#### [DATASET SECTION]
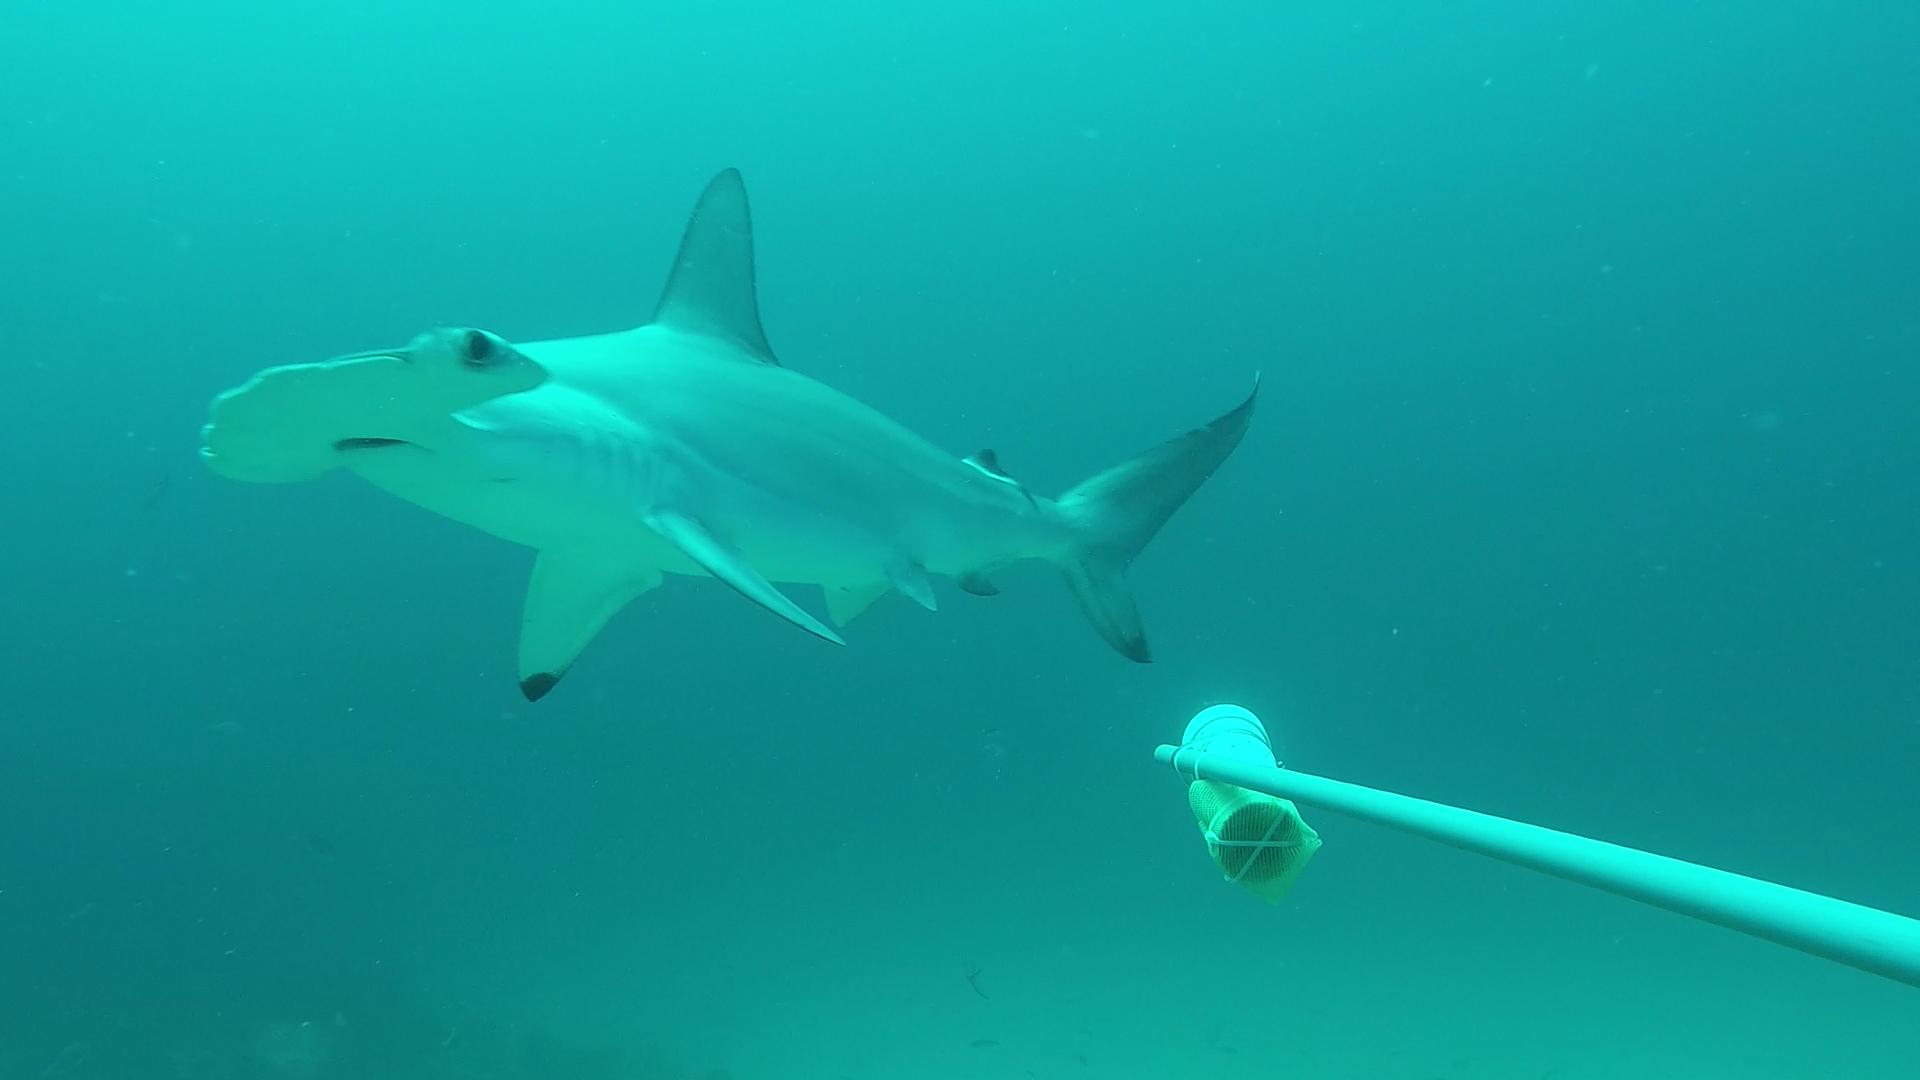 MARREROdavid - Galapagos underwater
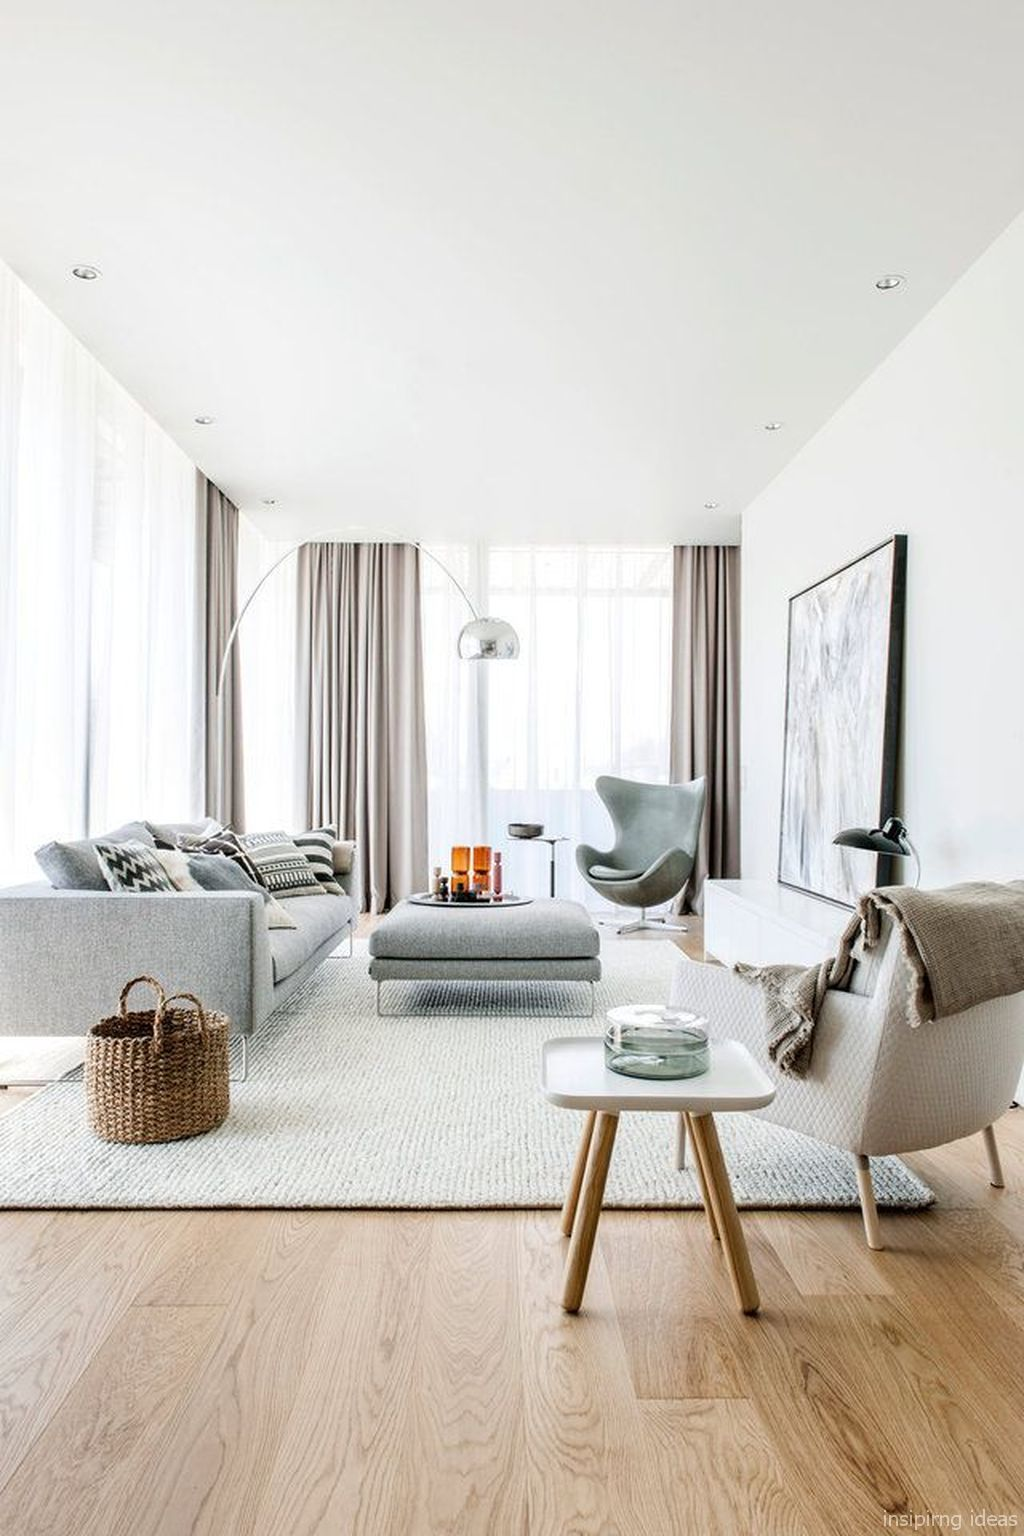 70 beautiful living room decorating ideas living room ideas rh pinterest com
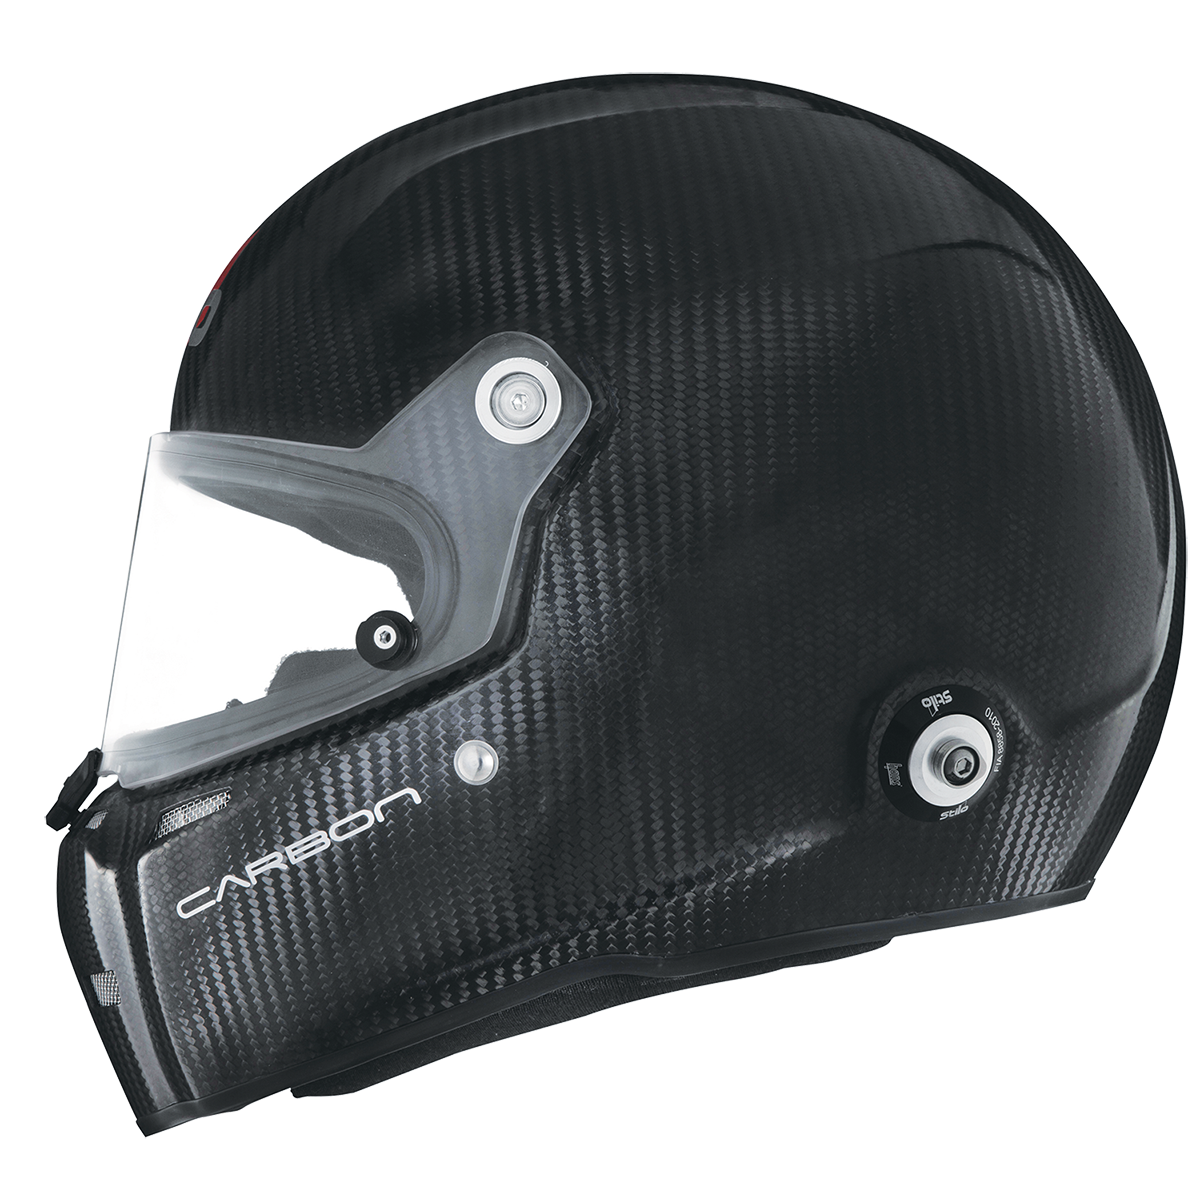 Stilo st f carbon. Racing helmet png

#### [WHAT THE EXERCISE ASKS]
Could you retype exactly, and only, the lines running from the one with "70 beautiful living" to the last line of the listing, while leaving any pictures out?

#### [RESPONSE BELOW]
 70 beautiful living room decorating ideas living room ideas rh pinterest com
 Stilo st f carbon. Racing helmet png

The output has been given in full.